According to Jim Wasson, “It was a passion for great taste and smoothness that gave birth to this one-of-a kind rum. That same passion was evident in a popular Panamanian 1940′s entertainer. She was a breathtaking redheaded woman – both a singer and nightclub owner – “Zonians” called “Panama Red.” Besides her beauty, Red was well-known for the fine rum she served, which drew international celebrities such as Hemingway and John Wayne to her establishment.”
Talking with Jim I learned some stuff about rum, things that I would never have guests. For example, one would think that a rum labeled 7 year-old or 25 year-old was just that, 7 years old or 25 years old.

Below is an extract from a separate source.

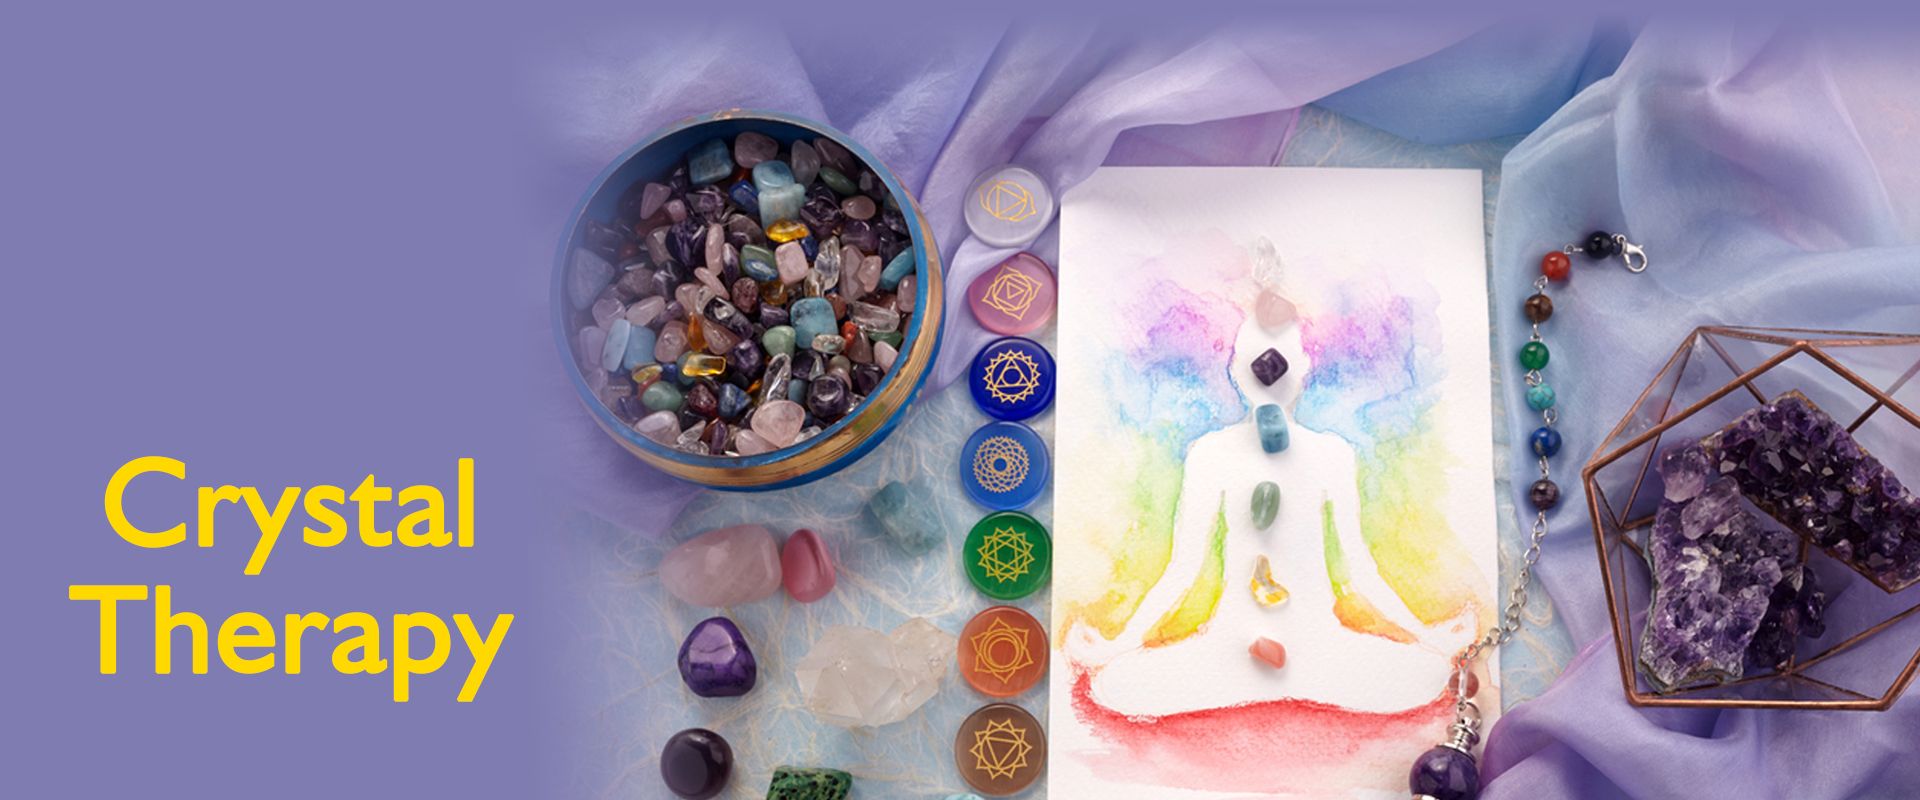 Crystal-Therapy-banner
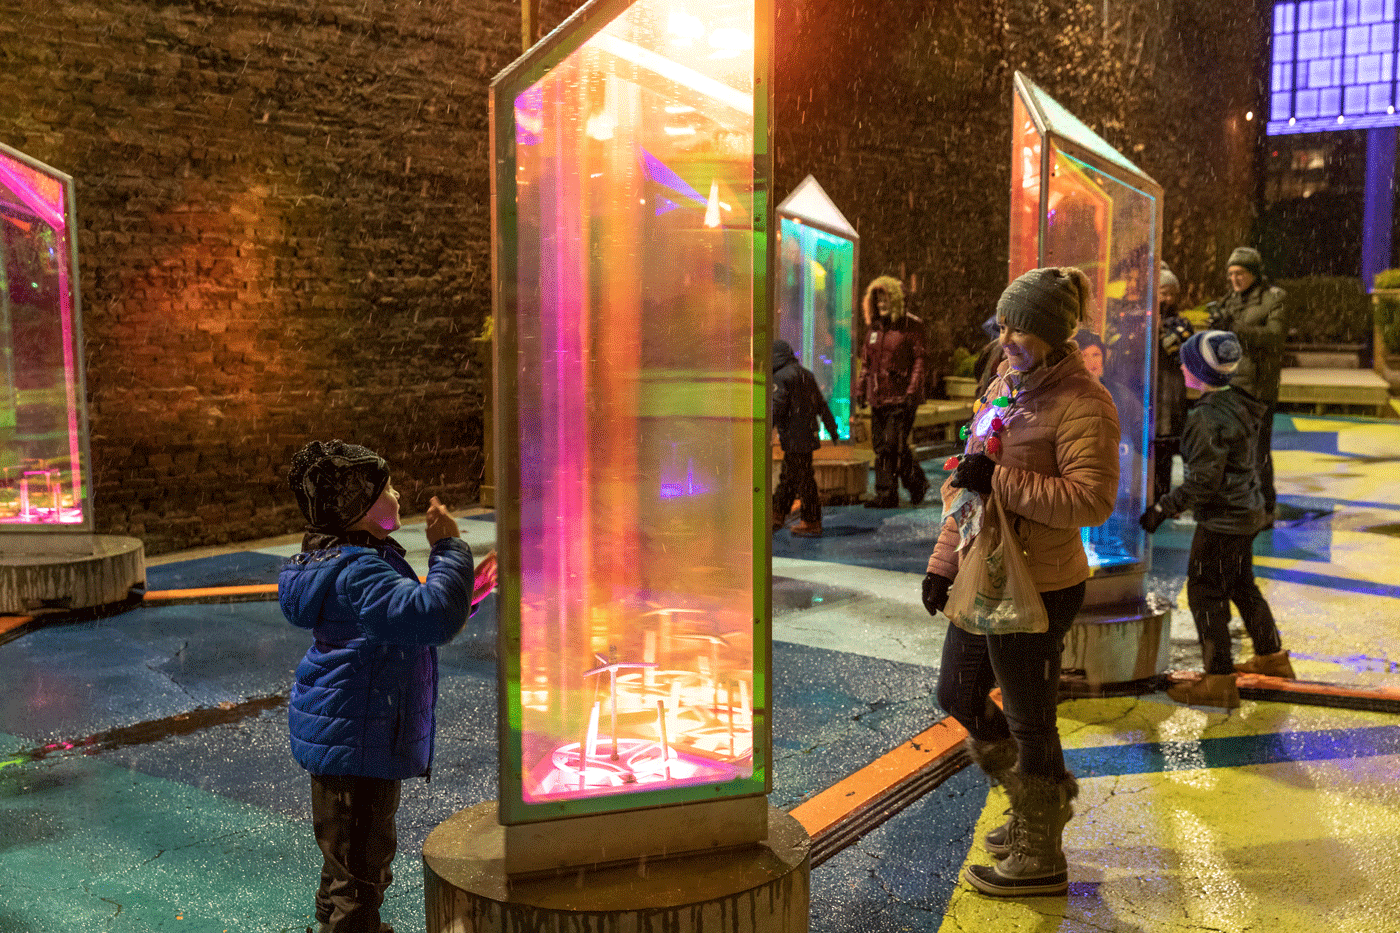 An Adult And A Child Interact With A Colorful Sculpture

But ironically the way the system works in the US is just the opposite of what you would think. If a blend of rum has a few drops of 25 year-old rum it can be labeled ” 25 year-old” even although the bulk of the rum hasn’t aged at all. Jim’s Panamonte label states that every drop of Panamonte rum is 25 years-old. Big difference!
No scorpions today. The wind is calm. The Internet is on, as are the lights, and we have water. Life is good, sometimes different that it was back in California, but good. And after all wanting “different” is why we came to Panama in the first place.